## WORK INSTRUCTIONS
Output an exact reproduction of the data.
*** Opening of AVAILABLE DATA ***
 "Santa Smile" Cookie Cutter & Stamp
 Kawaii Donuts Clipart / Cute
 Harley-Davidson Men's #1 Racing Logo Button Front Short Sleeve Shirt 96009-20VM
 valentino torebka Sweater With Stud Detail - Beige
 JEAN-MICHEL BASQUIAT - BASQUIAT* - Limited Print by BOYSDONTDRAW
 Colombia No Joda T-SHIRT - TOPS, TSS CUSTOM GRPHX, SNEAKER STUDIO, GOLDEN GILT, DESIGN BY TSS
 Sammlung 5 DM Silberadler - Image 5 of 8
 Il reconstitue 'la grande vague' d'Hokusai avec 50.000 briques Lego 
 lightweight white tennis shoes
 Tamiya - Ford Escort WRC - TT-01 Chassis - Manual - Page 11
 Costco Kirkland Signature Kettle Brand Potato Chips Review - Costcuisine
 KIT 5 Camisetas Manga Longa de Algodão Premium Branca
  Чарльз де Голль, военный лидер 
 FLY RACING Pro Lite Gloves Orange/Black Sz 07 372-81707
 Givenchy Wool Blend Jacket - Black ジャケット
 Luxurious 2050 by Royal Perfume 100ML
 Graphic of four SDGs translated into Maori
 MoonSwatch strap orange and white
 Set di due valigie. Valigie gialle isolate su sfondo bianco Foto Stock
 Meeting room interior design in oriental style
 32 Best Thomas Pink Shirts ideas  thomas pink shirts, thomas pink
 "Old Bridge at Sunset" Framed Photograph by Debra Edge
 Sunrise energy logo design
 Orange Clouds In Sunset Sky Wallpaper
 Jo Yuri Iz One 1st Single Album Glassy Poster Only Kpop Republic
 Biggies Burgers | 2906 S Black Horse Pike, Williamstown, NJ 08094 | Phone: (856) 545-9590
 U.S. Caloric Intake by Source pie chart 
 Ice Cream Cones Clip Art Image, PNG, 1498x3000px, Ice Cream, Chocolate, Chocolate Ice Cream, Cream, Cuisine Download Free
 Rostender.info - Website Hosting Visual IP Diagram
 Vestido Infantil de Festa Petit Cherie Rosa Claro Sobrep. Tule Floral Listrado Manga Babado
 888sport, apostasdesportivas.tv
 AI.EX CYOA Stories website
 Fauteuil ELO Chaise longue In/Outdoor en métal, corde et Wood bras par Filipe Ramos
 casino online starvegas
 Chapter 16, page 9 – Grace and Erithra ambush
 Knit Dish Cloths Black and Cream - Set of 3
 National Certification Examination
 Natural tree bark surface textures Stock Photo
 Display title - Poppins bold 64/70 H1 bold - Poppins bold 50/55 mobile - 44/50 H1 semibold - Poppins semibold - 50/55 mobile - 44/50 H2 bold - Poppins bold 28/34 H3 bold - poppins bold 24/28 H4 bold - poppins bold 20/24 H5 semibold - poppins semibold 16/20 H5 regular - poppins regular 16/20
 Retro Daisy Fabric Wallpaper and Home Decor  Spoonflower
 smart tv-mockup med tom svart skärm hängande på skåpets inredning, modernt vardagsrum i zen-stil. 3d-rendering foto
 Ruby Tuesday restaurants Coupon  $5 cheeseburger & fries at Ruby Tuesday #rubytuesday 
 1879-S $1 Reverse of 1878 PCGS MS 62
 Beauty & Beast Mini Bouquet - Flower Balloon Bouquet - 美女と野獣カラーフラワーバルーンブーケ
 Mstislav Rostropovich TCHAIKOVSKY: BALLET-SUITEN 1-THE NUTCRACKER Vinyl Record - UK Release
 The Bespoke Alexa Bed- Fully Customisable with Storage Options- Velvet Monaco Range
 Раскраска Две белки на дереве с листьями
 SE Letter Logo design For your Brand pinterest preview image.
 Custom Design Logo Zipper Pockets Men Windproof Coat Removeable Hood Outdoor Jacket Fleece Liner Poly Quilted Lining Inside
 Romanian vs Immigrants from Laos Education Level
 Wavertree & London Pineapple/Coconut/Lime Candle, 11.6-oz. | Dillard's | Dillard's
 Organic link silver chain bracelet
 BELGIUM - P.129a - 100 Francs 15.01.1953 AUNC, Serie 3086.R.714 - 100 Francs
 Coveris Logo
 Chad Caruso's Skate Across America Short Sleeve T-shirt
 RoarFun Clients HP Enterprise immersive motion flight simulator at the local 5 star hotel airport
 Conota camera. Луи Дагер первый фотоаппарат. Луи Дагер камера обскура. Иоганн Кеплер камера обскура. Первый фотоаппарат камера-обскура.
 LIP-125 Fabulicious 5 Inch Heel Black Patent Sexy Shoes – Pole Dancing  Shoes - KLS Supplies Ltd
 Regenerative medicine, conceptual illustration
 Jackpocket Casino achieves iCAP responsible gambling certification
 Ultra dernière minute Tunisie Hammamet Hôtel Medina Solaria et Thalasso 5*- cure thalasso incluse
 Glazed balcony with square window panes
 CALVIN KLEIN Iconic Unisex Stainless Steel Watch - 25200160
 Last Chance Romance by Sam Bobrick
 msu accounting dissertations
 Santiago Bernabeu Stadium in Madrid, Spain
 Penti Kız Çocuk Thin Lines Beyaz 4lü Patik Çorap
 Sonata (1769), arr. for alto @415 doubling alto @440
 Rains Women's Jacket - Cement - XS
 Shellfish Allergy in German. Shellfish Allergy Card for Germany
*** Close of AVAILABLE DATA ***
## RESULT
 "Santa Smile" Cookie Cutter & Stamp
 Kawaii Donuts Clipart / Cute
 Harley-Davidson Men's #1 Racing Logo Button Front Short Sleeve Shirt 96009-20VM
 valentino torebka Sweater With Stud Detail - Beige
 JEAN-MICHEL BASQUIAT - BASQUIAT* - Limited Print by BOYSDONTDRAW
 Colombia No Joda T-SHIRT - TOPS, TSS CUSTOM GRPHX, SNEAKER STUDIO, GOLDEN GILT, DESIGN BY TSS
 Sammlung 5 DM Silberadler - Image 5 of 8
 Il reconstitue 'la grande vague' d'Hokusai avec 50.000 briques Lego 
 lightweight white tennis shoes
 Tamiya - Ford Escort WRC - TT-01 Chassis - Manual - Page 11
 Costco Kirkland Signature Kettle Brand Potato Chips Review - Costcuisine
 KIT 5 Camisetas Manga Longa de Algodão Premium Branca
  Чарльз де Голль, военный лидер 
 FLY RACING Pro Lite Gloves Orange/Black Sz 07 372-81707
 Givenchy Wool Blend Jacket - Black ジャケット
 Luxurious 2050 by Royal Perfume 100ML
 Graphic of four SDGs translated into Maori
 MoonSwatch strap orange and white
 Set di due valigie. Valigie gialle isolate su sfondo bianco Foto Stock
 Meeting room interior design in oriental style
 32 Best Thomas Pink Shirts ideas  thomas pink shirts, thomas pink
 "Old Bridge at Sunset" Framed Photograph by Debra Edge
 Sunrise energy logo design
 Orange Clouds In Sunset Sky Wallpaper
 Jo Yuri Iz One 1st Single Album Glassy Poster Only Kpop Republic
 Biggies Burgers | 2906 S Black Horse Pike, Williamstown, NJ 08094 | Phone: (856) 545-9590
 U.S. Caloric Intake by Source pie chart 
 Ice Cream Cones Clip Art Image, PNG, 1498x3000px, Ice Cream, Chocolate, Chocolate Ice Cream, Cream, Cuisine Download Free
 Rostender.info - Website Hosting Visual IP Diagram
 Vestido Infantil de Festa Petit Cherie Rosa Claro Sobrep. Tule Floral Listrado Manga Babado
 888sport, apostasdesportivas.tv
 AI.EX CYOA Stories website
 Fauteuil ELO Chaise longue In/Outdoor en métal, corde et Wood bras par Filipe Ramos
 casino online starvegas
 Chapter 16, page 9 – Grace and Erithra ambush
 Knit Dish Cloths Black and Cream - Set of 3
 National Certification Examination
 Natural tree bark surface textures Stock Photo
 Display title - Poppins bold 64/70 H1 bold - Poppins bold 50/55 mobile - 44/50 H1 semibold - Poppins semibold - 50/55 mobile - 44/50 H2 bold - Poppins bold 28/34 H3 bold - poppins bold 24/28 H4 bold - poppins bold 20/24 H5 semibold - poppins semibold 16/20 H5 regular - poppins regular 16/20
 Retro Daisy Fabric Wallpaper and Home Decor  Spoonflower
 smart tv-mockup med tom svart skärm hängande på skåpets inredning, modernt vardagsrum i zen-stil. 3d-rendering foto
 Ruby Tuesday restaurants Coupon  $5 cheeseburger & fries at Ruby Tuesday #rubytuesday 
 1879-S $1 Reverse of 1878 PCGS MS 62
 Beauty & Beast Mini Bouquet - Flower Balloon Bouquet - 美女と野獣カラーフラワーバルーンブーケ
 Mstislav Rostropovich TCHAIKOVSKY: BALLET-SUITEN 1-THE NUTCRACKER Vinyl Record - UK Release
 The Bespoke Alexa Bed- Fully Customisable with Storage Options- Velvet Monaco Range
 Раскраска Две белки на дереве с листьями
 SE Letter Logo design For your Brand pinterest preview image.
 Custom Design Logo Zipper Pockets Men Windproof Coat Removeable Hood Outdoor Jacket Fleece Liner Poly Quilted Lining Inside
 Romanian vs Immigrants from Laos Education Level
 Wavertree & London Pineapple/Coconut/Lime Candle, 11.6-oz. | Dillard's | Dillard's
 Organic link silver chain bracelet
 BELGIUM - P.129a - 100 Francs 15.01.1953 AUNC, Serie 3086.R.714 - 100 Francs
 Coveris Logo
 Chad Caruso's Skate Across America Short Sleeve T-shirt
 RoarFun Clients HP Enterprise immersive motion flight simulator at the local 5 star hotel airport
 Conota camera. Луи Дагер первый фотоаппарат. Луи Дагер камера обскура. Иоганн Кеплер камера обскура. Первый фотоаппарат камера-обскура.
 LIP-125 Fabulicious 5 Inch Heel Black Patent Sexy Shoes – Pole Dancing  Shoes - KLS Supplies Ltd
 Regenerative medicine, conceptual illustration
 Jackpocket Casino achieves iCAP responsible gambling certification
 Ultra dernière minute Tunisie Hammamet Hôtel Medina Solaria et Thalasso 5*- cure thalasso incluse
 Glazed balcony with square window panes
 CALVIN KLEIN Iconic Unisex Stainless Steel Watch - 25200160
 Last Chance Romance by Sam Bobrick
 msu accounting dissertations
 Santiago Bernabeu Stadium in Madrid, Spain
 Penti Kız Çocuk Thin Lines Beyaz 4lü Patik Çorap
 Sonata (1769), arr. for alto @415 doubling alto @440
 Rains Women's Jacket - Cement - XS
 Shellfish Allergy in German. Shellfish Allergy Card for Germany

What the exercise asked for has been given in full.